The death of Jesus is the theme of the Old Testament beginning already in Genesis 3. The sacrifices of the Old Testament prefigure the sacrifice of Christ; the prophets foretell what the Messiah would accomplish. Paul writes that Abraham was saved because of his faith in God’s promise of a coming Savior.
In the New Testament, the angel announced that the Christ was to be given the name “Jesus” because He would save His people from their sins. Jesus often spoke of the suffering that He would have to endure. The success of His mission was the crucifixion. In light of all that the Word of God teaches, the most important reason for the humanity of Jesus was that it made it possible for Him to die for our sin.
It was not enough that Jesus died as a human. If that were all that was necessary, He could have been born in the manger and died before the wise men ever met Him. Jesus also had to live as a human; He had to suffer as a human; and He had to be obedient to His Father as a human.

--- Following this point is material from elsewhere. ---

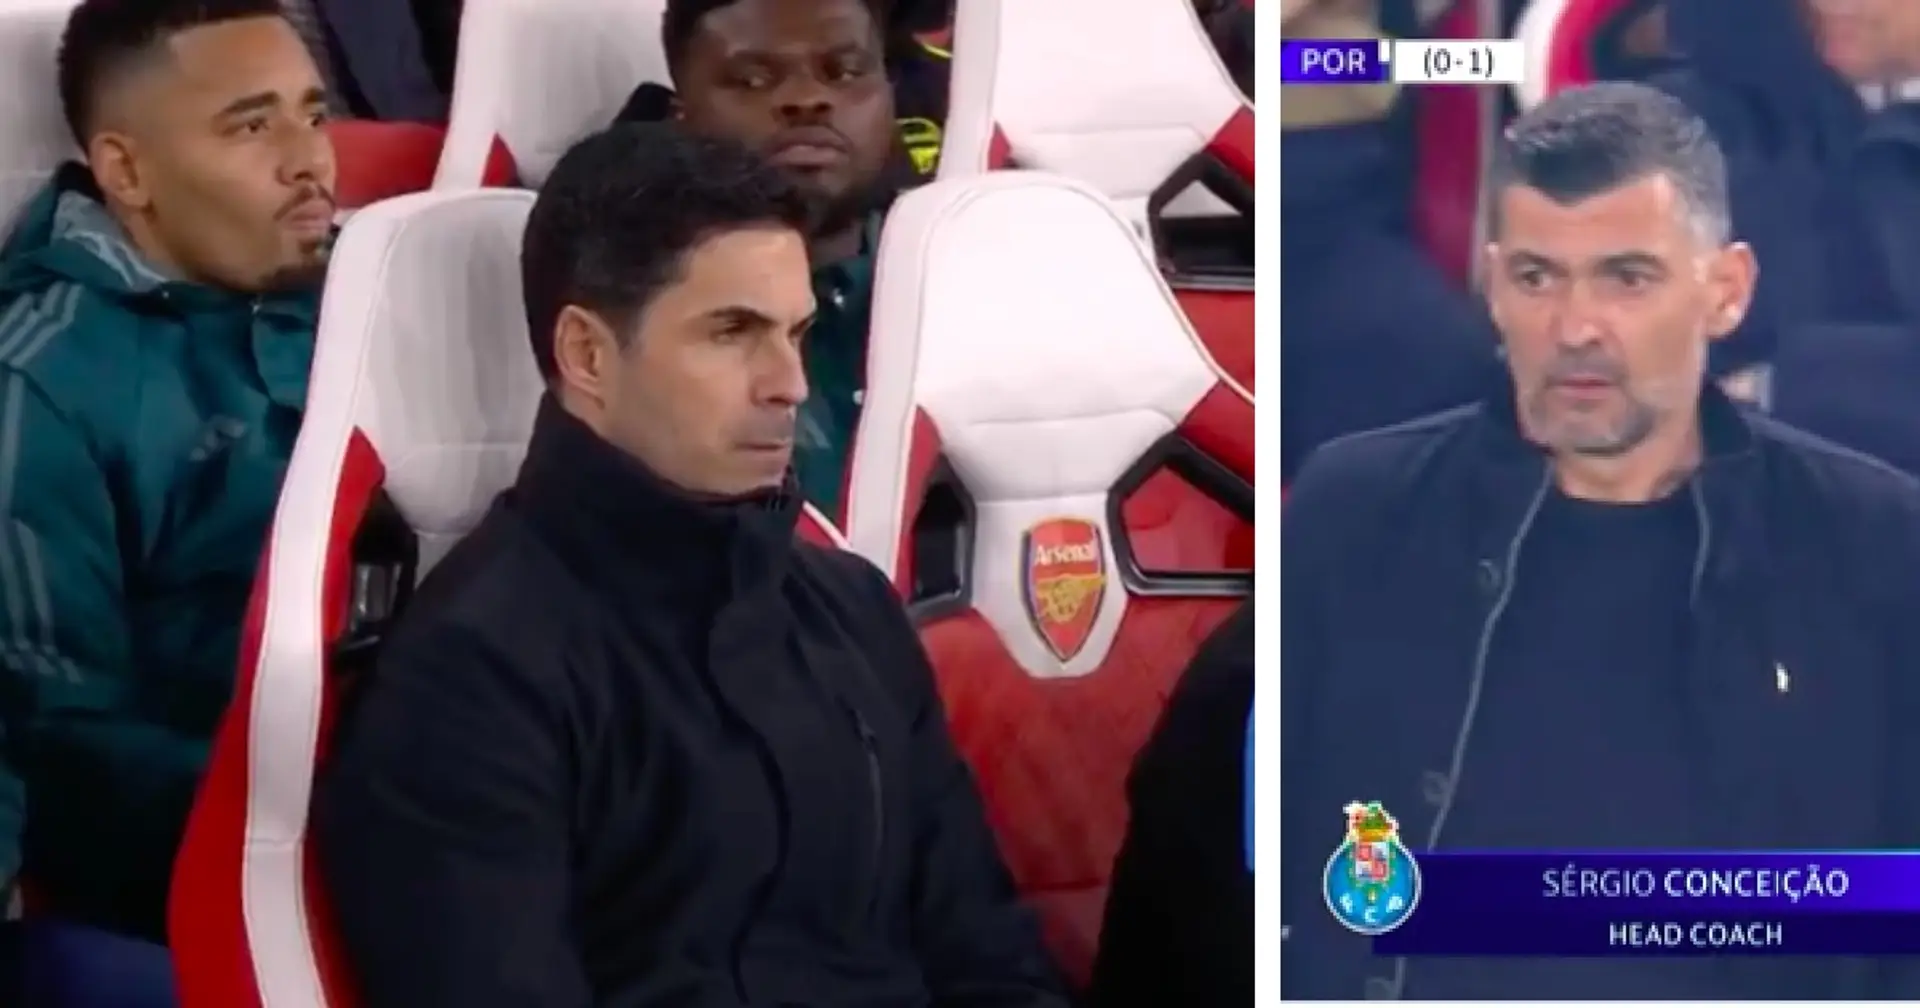 'This is his competition': Arsenal fans want ONE substitute player introduced early v Porto
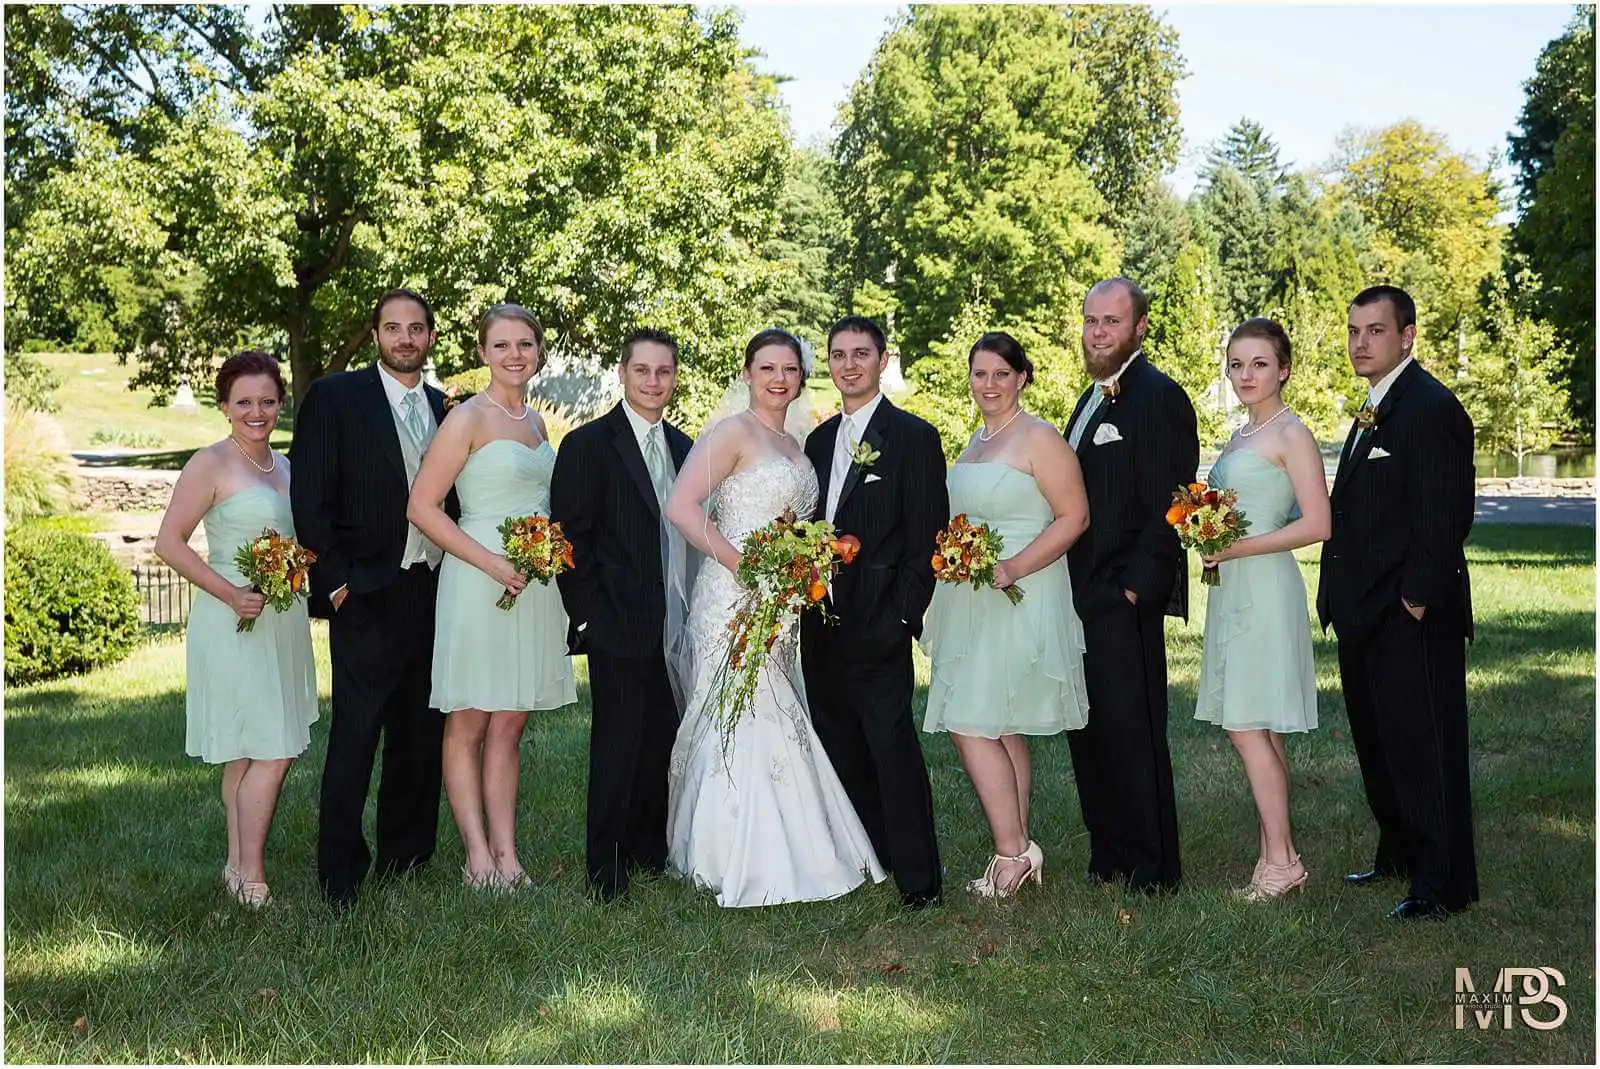 Outdoor wedding party posing in formal attire on a sunny day.

A sinner cannot pay for the sins of another sinner. Sinners have enough trouble of their own. They cannot pay for their own sins let alone someone else’s sins. What we need as sinners is someone who is holy, blameless, and unstained to pay for our sin. We need a sinless human being.
Hebrews 4 points out that Jesus was tempted at all points as we are, and yet He was without sin. There were no supernatural advantages for Jesus. He felt pain. He became hungry and tired. There were no celestial angels rescuing Jesus from the power of evil men. Christ’s agony upon the cross was not lessened by some superhuman anesthetic. We cannot begin to imagine the anguish that caused Jesus to sweat drops of blood in the Garden of Gethsemane, nor the anguish He must have felt as He cried out, “My God, My God, why hast Thou forsaken Me?”
It is in His suffering that we are set free. In His weariness, His disappointments, in His being misunderstood, and in the pain of His life that we can know Jesus, the Christ, as truly human. In His humanity, He is able to understand us when we grow weary, when we are disappointed, and when we are misunderstood. Because He was tempted in every way that we are tempted, He is able to understand us when we are tempted.
As the perfect sinless human, Jesus is able to understand us. He experienced all that we will ever experience. And so much more. As the perfect sin offering upon the cross, Jesus experienced the wrath of God for our sin so that we should never have to experience that wrath. Jesus took upon Himself our sin as a truly righteous being. By doing that, He fulfilled the demands of God’s justice.
Rev. Wybren Oord is the pastor of the Covenant United Reformed Church in Kalamazoo, Michigan and editor of The Outlook.